Alan Gates commented on PIG-793:

The cost for storing data raw is:

16 bytes for the tuple object
12 bytes for the byte array object
12 bytes + 2 bytes/field for a short[] to hold offsets into the byte[]
Then as you say above for the data itself, plus 1 byte per field to store type 
and nullness.

So our example tuple would take ~85 bytes.

But in general, yes you can do much better with raw bytes.  We played with this 
some and we found that the cost of Tuple.get/set goes up 10x because of the 
need to turn the bytes into objects.  In a typical query this added about 2x to 
the overall run time.  The solution to this would be to rewrite all the Pig 
operators to work on byte data instead of objects.  This is a large project, 
and doesn't solve the UDFs.  We could pay the performance penalty for UDFs, or 
we could change the UDFs to take byte data.  Currently many of our users are 
asking for the ability to write UDFs in Python or other scripting languages.  
If we instead go the other way and basically make them write C style Java I 
don't think that will be popular.

What we're playing with now (changing ArrayList<Object> to Object[] and String 
to Text) will reap somewhere around 50% of the benefits in terms of memory 
savings as going to fully raw data.  But it's around 10% of the work.  I'm not 
excluding moving to storing everything in a byte[] in the future.  But I want 
to see if for a little work now we can get a descent amount of improvement.
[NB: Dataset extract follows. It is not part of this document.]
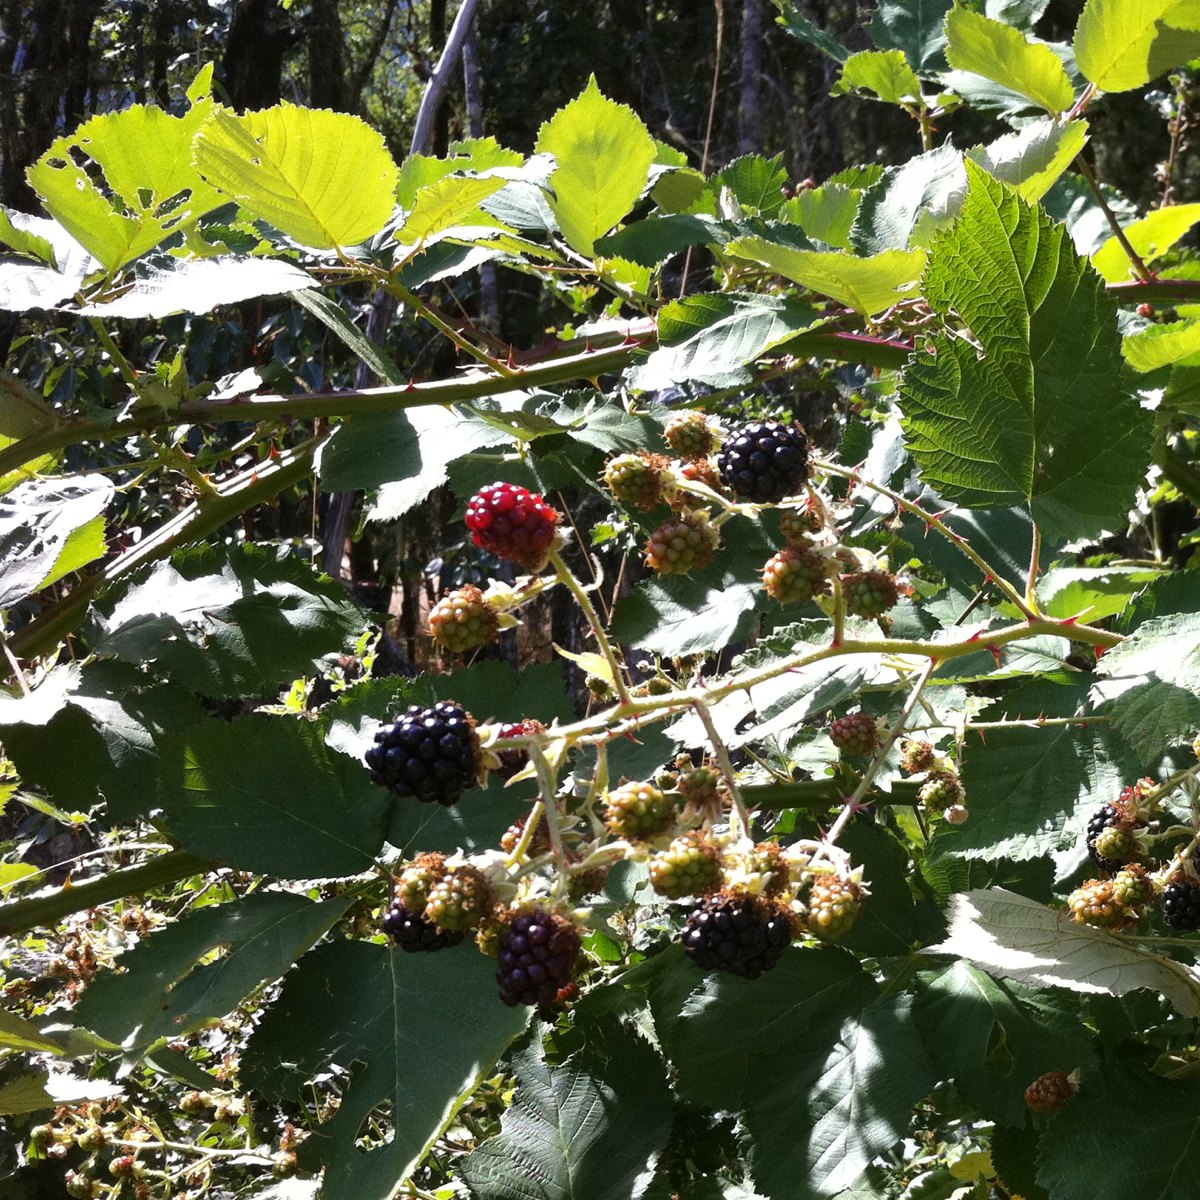 Himalaya blackberry
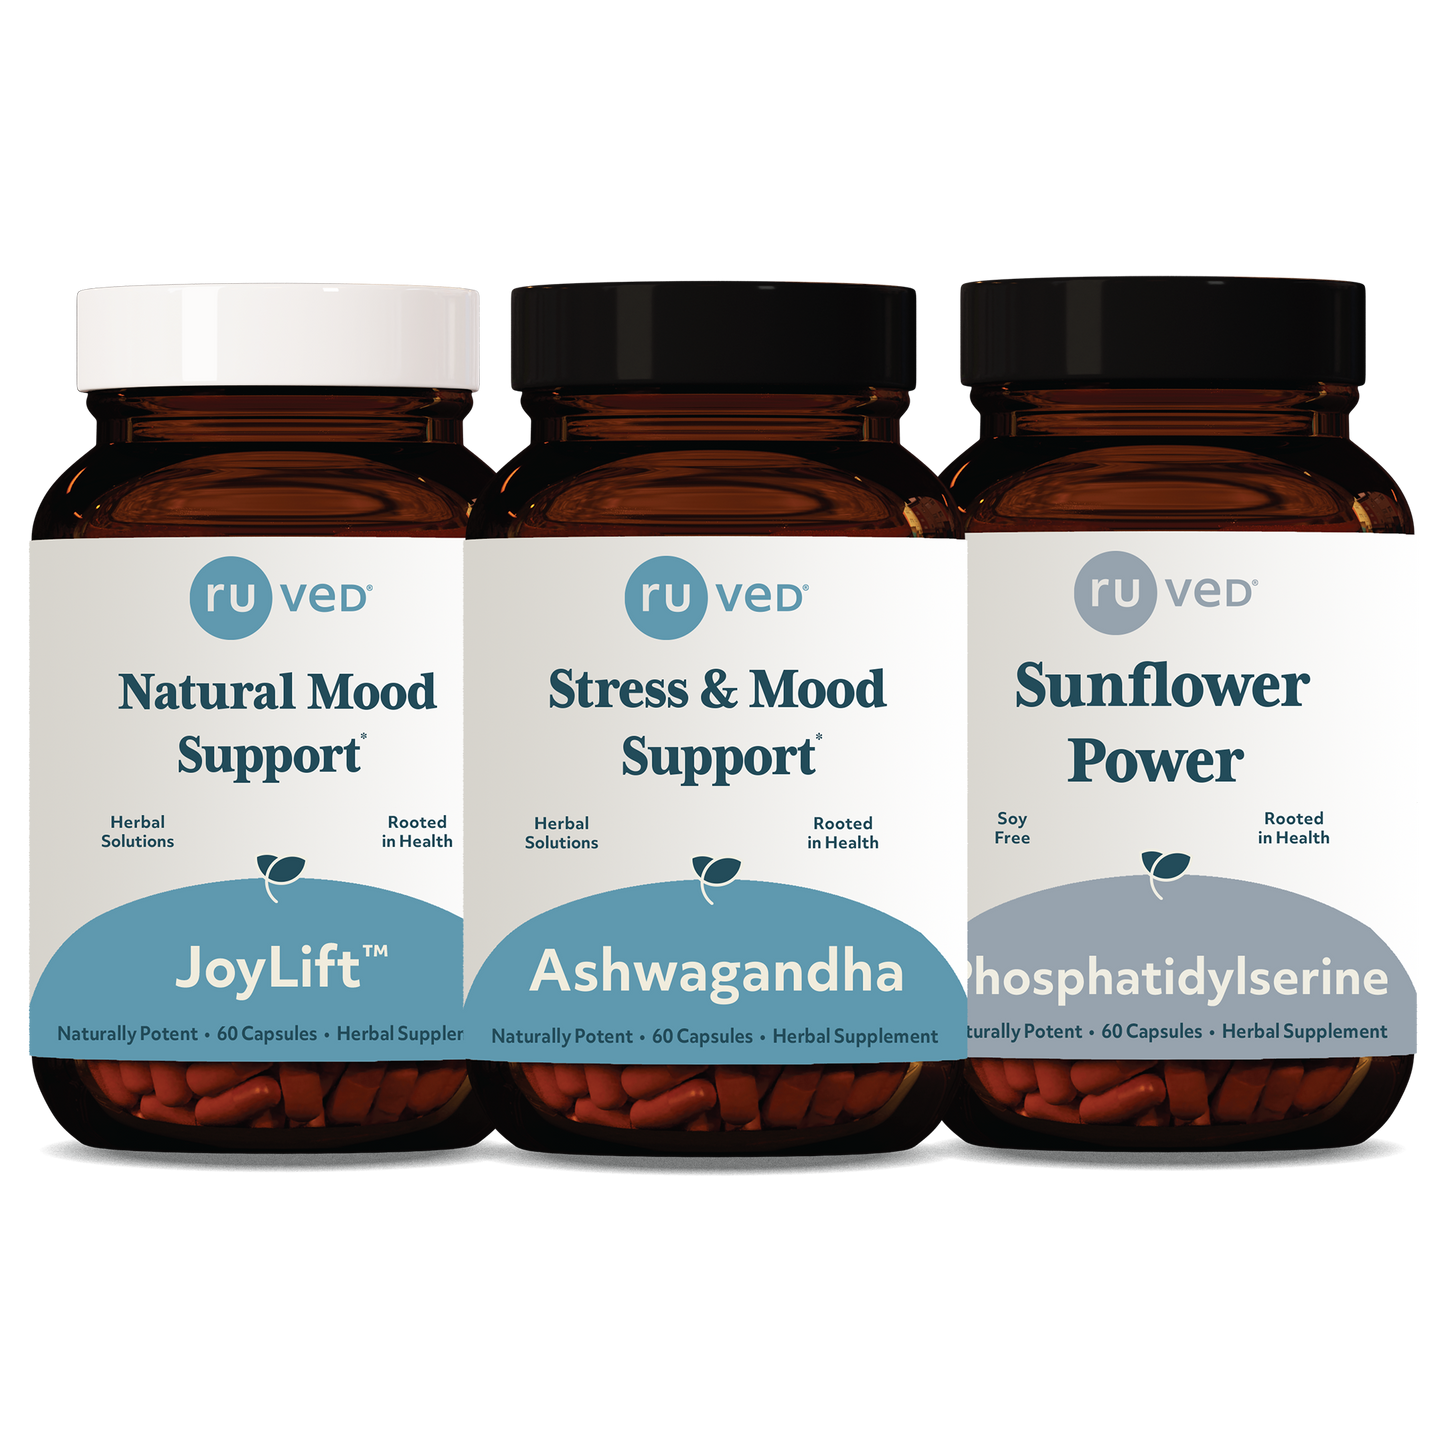 Joylift Ashwagandha & Phosphatidylserine bundle Bottles front by ruved herbal supplements

> Improving memory efficiency of Tuple implementation
> ---------------------------------------------------
>                 Key: PIG-793
>                 URL: https://issues.apache.org/jira/browse/PIG-793
>             Project: Pig
>          Issue Type: Improvement
>            Reporter: Olga Natkovich
>            Assignee: Alan Gates
> Currently, our tuple is a real pig and uses a lot of extra memory. 
> There are several places where we can improve memory efficiency:
> (1) Laying out memory for the fields rather than using java objects since 
> since each object for a numeric field takes 16 bytes
> (2) For the cases where we know the schema using Java arrays rather than 
> ArrayList.
> There might be more.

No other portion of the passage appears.